Tuesday, February 7, 2017

A heart for kindness

           It is clear that because of the separation and anonymity of car driving, we've come to feel that we don't have to treat people in other vehicles as people.  They are either "idiots" who don't move out of our way or they are "maniacs" who drive even more insanely than we do.  I've seen way too many people swerving around, honking at and yelling at other people in their cars this last week.  And so I've started the exercise of watching with my kids.  Does that swerving around and cutting the other person off actually end up saving the unkind driver any time at all?  Again and again we see the answer is "no".  They swerve around a person only to be stopped behind someone else at the next light.  They've managed to "get ahead" by one car space, but that half second won't make a difference if they are late. If their behavior made any difference at all, it was a negative one: it may have upset the person they swerved around, it may have hurt the feelings of the person they flipped off or called an idiot.  It may have succeeded in spreading rage and anger, and may have inspired equally unkind car behavior on the part of others. We've seen too many almost-accidents and it is very clear that it actually is life threatening in many cases, not only to the "other" in that car, but also to the person with the unkind car behavior.  Each time I wonder how much effort it would take to simply breathe and remember that the person in that other car may be a new mother, may have a child or two in the car, may be a grandparent, may be a teenager just learning to drive, may be someone who lost their spouse that day, may be someone who has just been given bad news about their own health, may be someone who lost a job or may be worried about a hundred other things and, whatever their circumstance, would undoubtedly benefit from kindness in this moment rather than the anger, rudeness and rage thrown their way.
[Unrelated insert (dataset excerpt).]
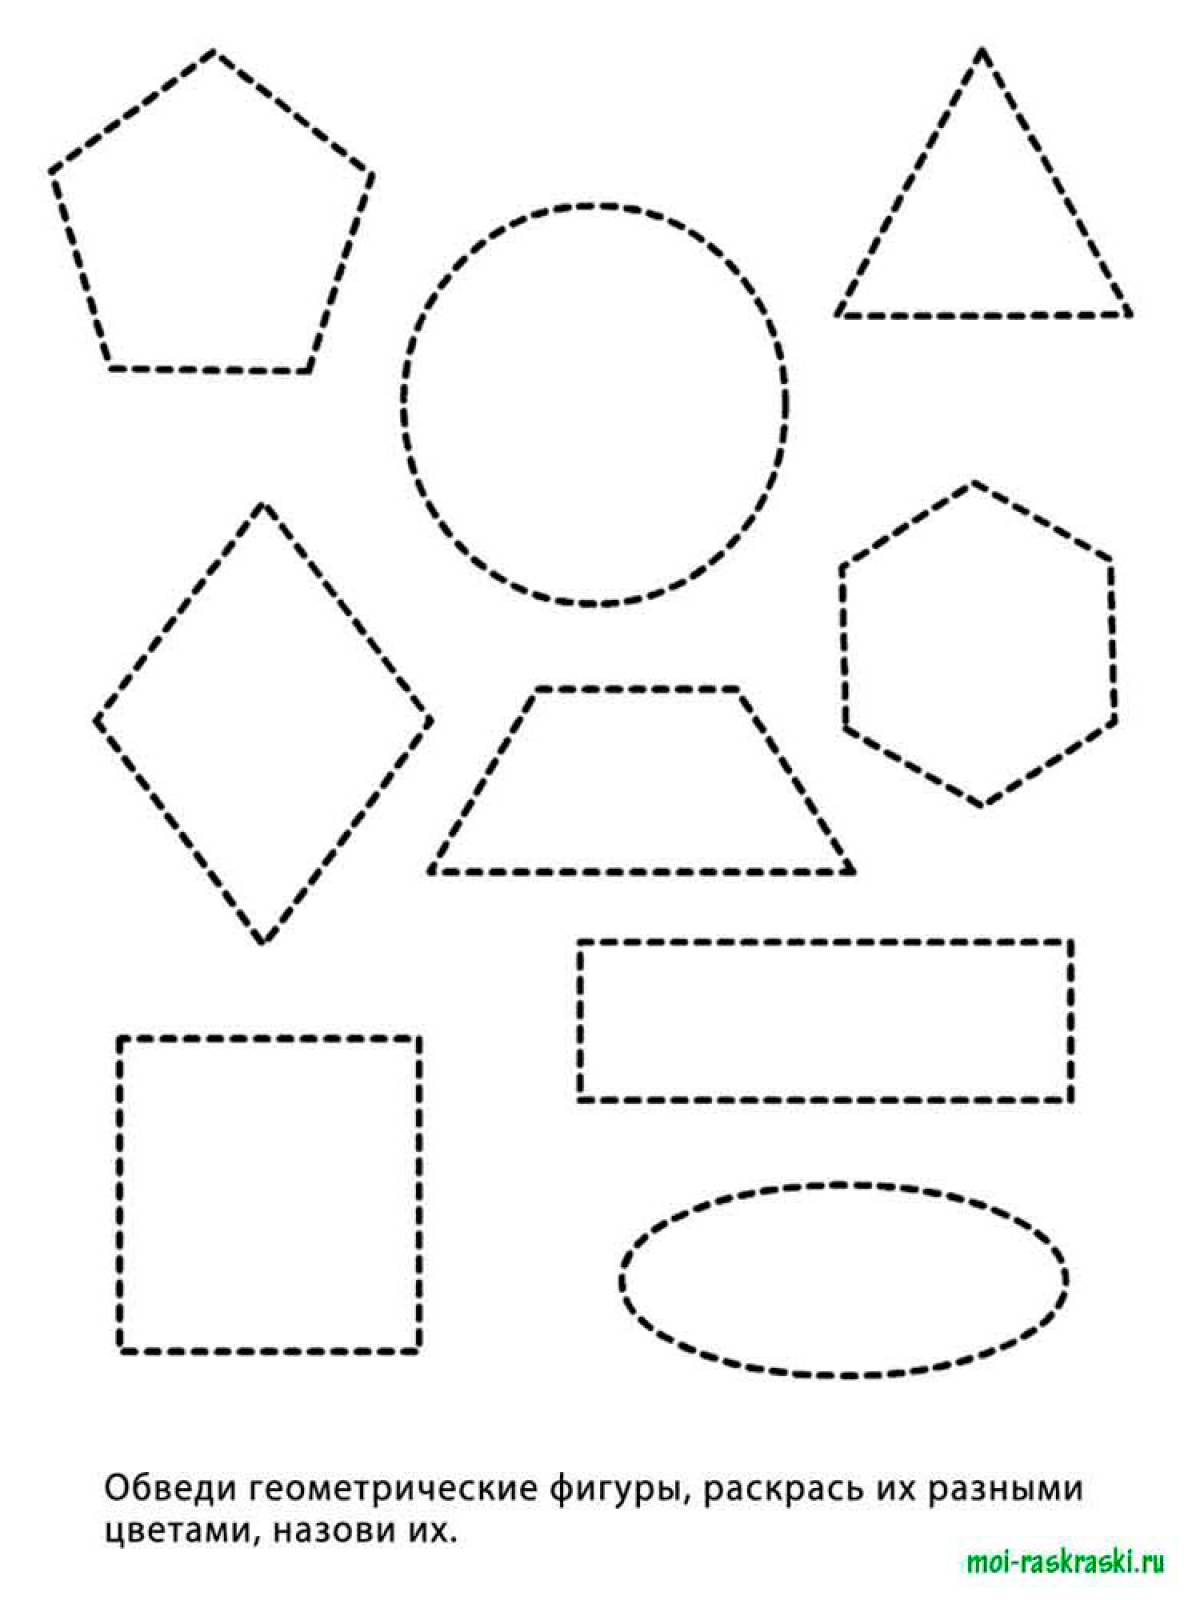 Geometric shapes 34

        I will say honestly that my time in Ohio changed the way I drive.  Coming from the Bay Area, I thought everyone just drove this way, with an assertiveness that is actually aggression.  But in living in Ohio, I saw people intentionally let other people into their lanes.  I saw people slow down and let other cars merge with them, just because that was the kind thing to do.  I saw people practicing taking turns, and teaching their kids about sharing not only toys, but the road we drive on, without anger or rancor or rage.  Now that I'm back in the Bay Area, I continue to practice this way of driving, though it feels like I am a fish swimming up stream.  In dropping my kids off at school this morning, I saw a woman who was trying to turn onto the street where all of us were dropping off our kids.  Even though we were moving extremely slowly, I saw car after car block her ability to join our line.  "Really?" I thought.  "How is it helping you to not let one car in ahead of you?  Are you really in such a hurry that that half second will make all the difference in your day?"  So I slowed down, indicated that she should come in ahead.  I saw the look of sheer relief on her face as she mouthed "thank you!" and waved.  But the car behind me?  You'd think I had just thwarted his winning of an Olympic gold medal in race car driving.  Honk!  Honk!  Honk!
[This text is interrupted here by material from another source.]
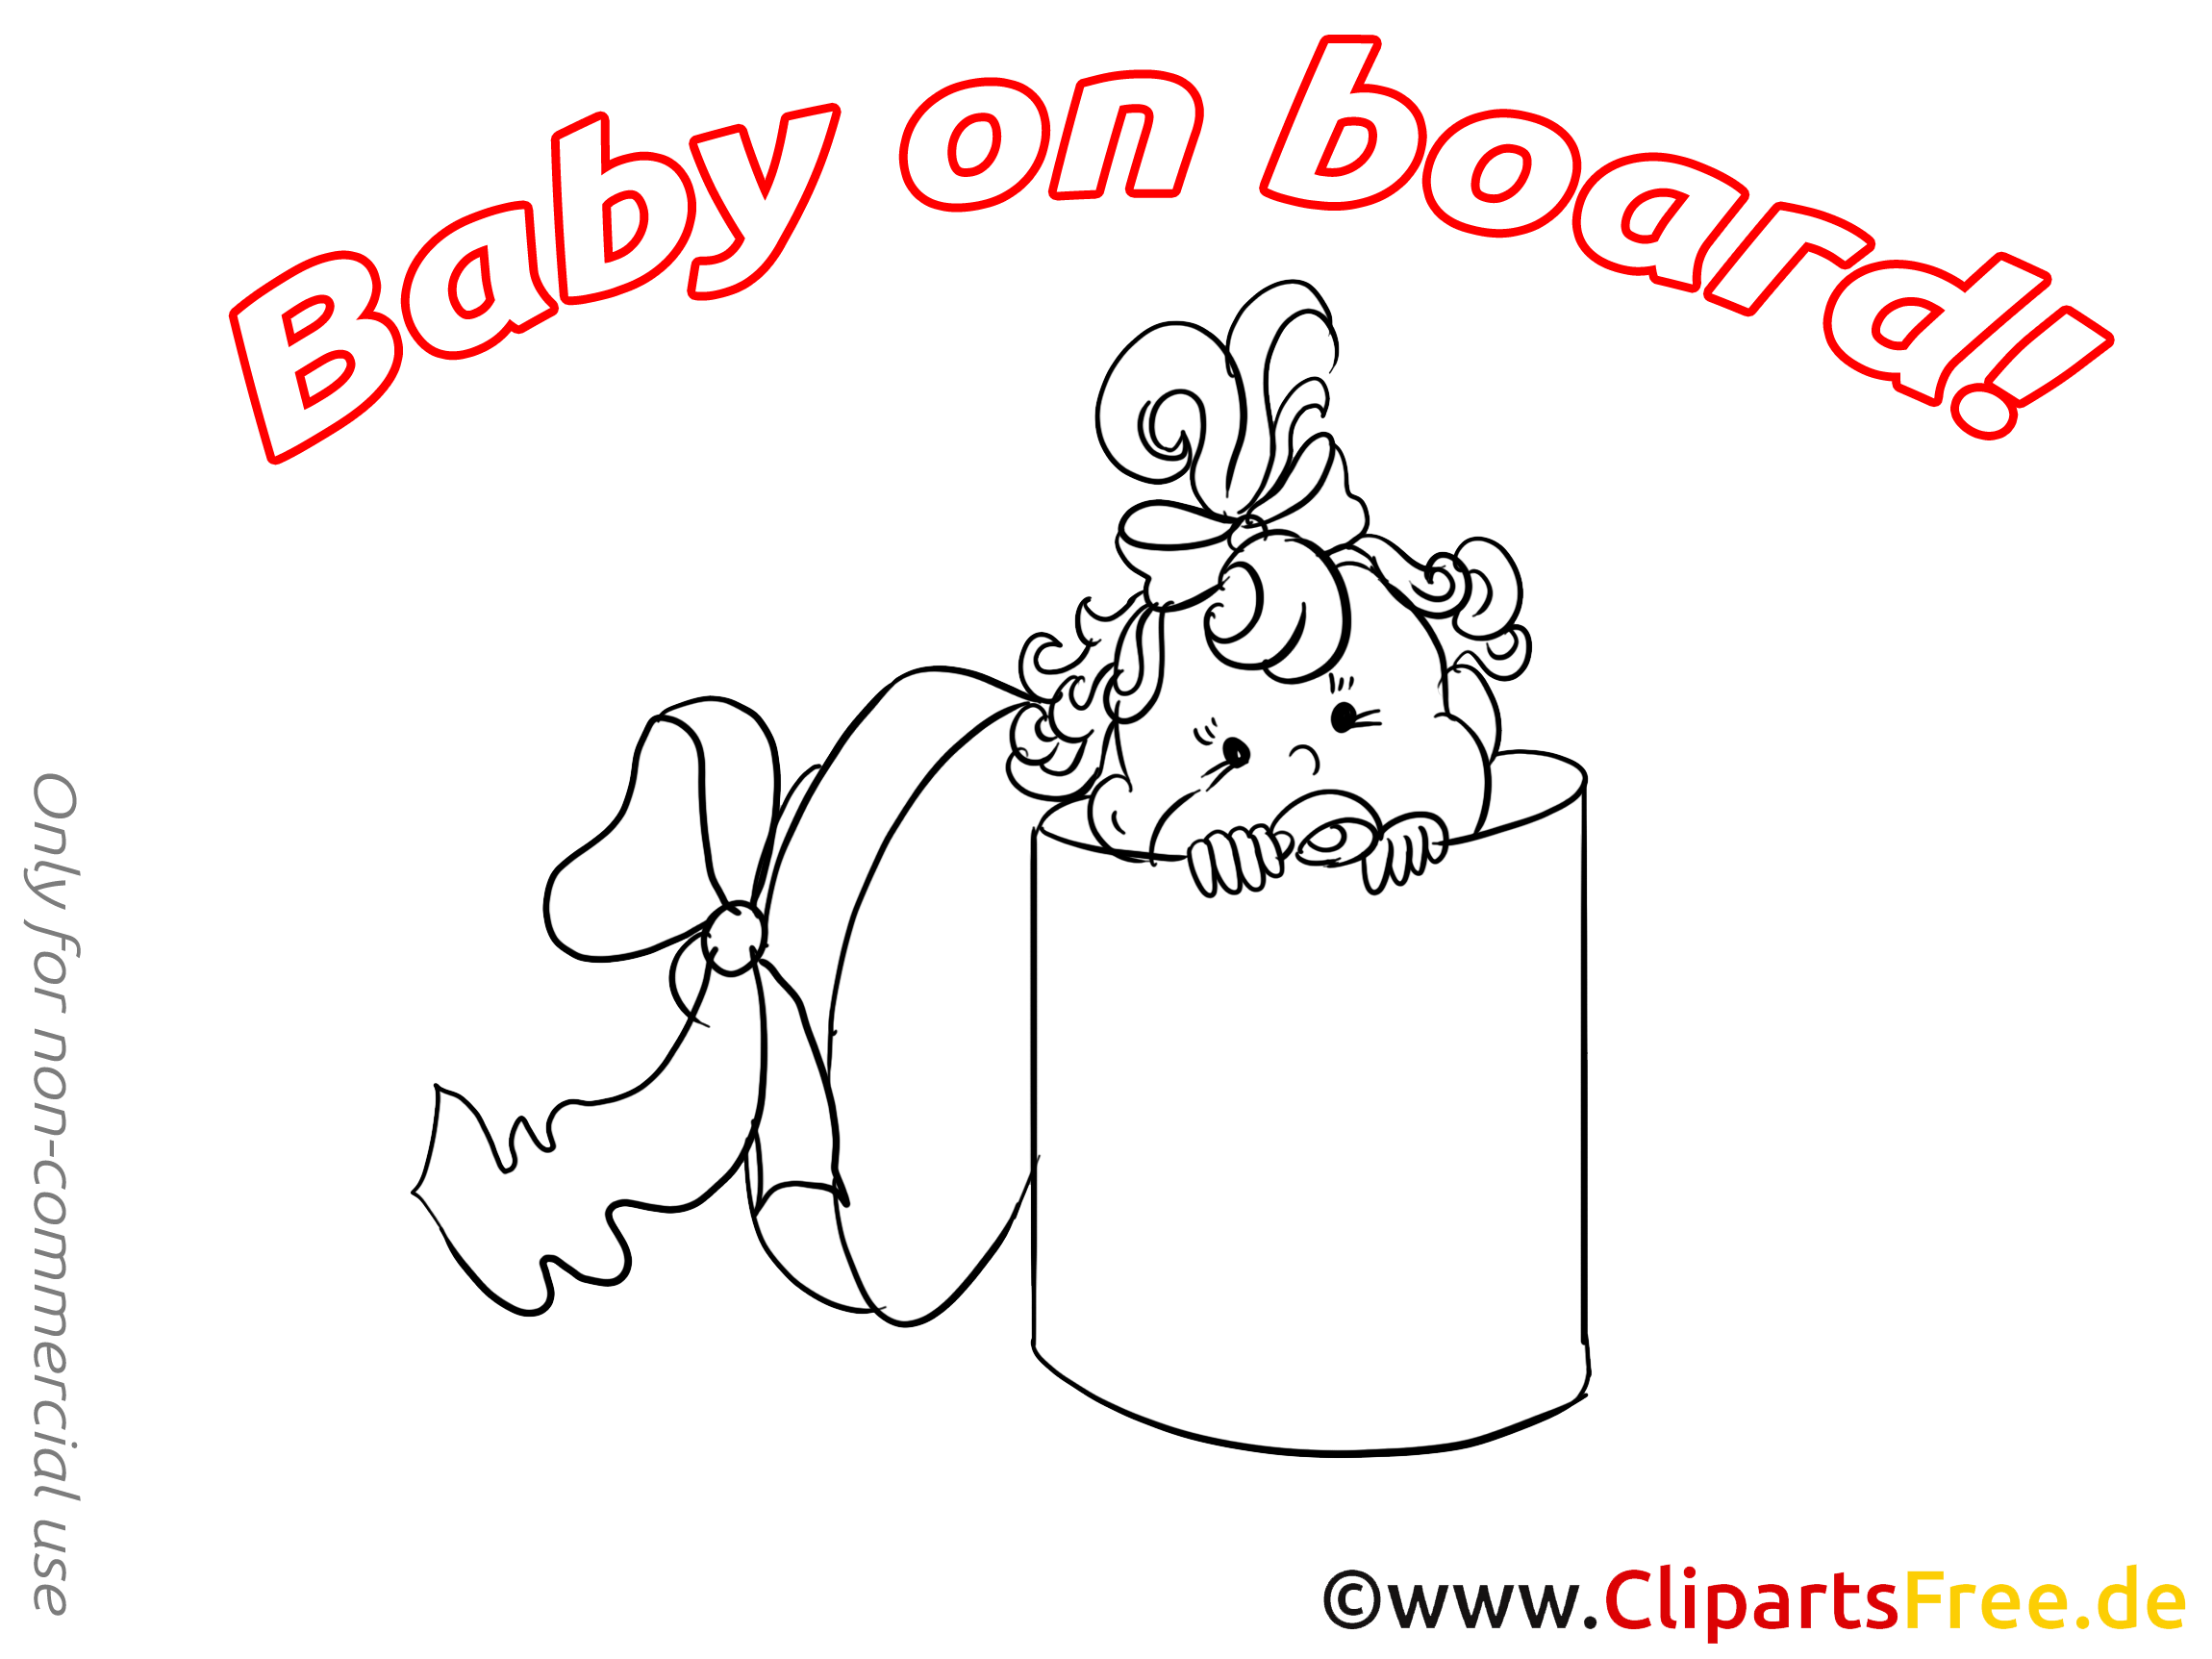 Boîte image à imprimer – Bébé à bord cliparts

        What does it do to our hearts to practice being unkind in our cars?  And what does it do to our hearts to practice kindness occasionally instead?  How does our refusal to share the road with other drivers impact the way in which we share with others in all aspects of life?  If it is this easy to see the person in front of us behind their steal and glass vehicle as not-human, as sub-human, as unworthy of our caring and our sharing, how much harder will it be to share with people we've never met?  If it is so easy to label and box the other person in their car as an idiot or maniac rather than as a human being, how easy then is it for us to demonize and vilify whole categories of other people that we don't know?  Immigrants, refugees, people of color, people of different sexual orientation or genders, people with disabilities, older people, younger people, poor people, homeless people, people with mental disabilities and illnesses, people of other faith traditions, OTHER people?  I think the place we have moved as a country, this place of fearing others, of not wanting to share our land, our resources, our health care, our humanity... I think this starts with a very basic inability to share with those we encounter on a daily basis.  If we took seriously the kindergarten lesson about sharing, how would all of this change?
            Micah 6:8 is one of my favorite Bible passages.  It is simple.  It is straightforward.  My translation: What does God require of you but to do justice, love being kind, and walk humbly with God.  But we've come to a place of such fear around losing what we believe is "ours" that we fail in these very simple tasks, the simplest one of all being to act with kindness.  We have opportunities every single day to practice sharing the road (as well as other things) with those we encounter.  It may not be an easy thing to do in the face of the road rage out there, but again, I believe it is an opportunity for us to change our own hearts by practicing kindness, practice sharing, practice loving behavior towards strangers, towards your neighbors in this very simply, very easy way. Try it for a week.  See if it affects you for the better.  At the very least, it should lower your blood pressure to not be in such a stressed out hurry on the road.  At the most, perhaps it will help all of us grow bigger hearts for kindness.  And that could change everything.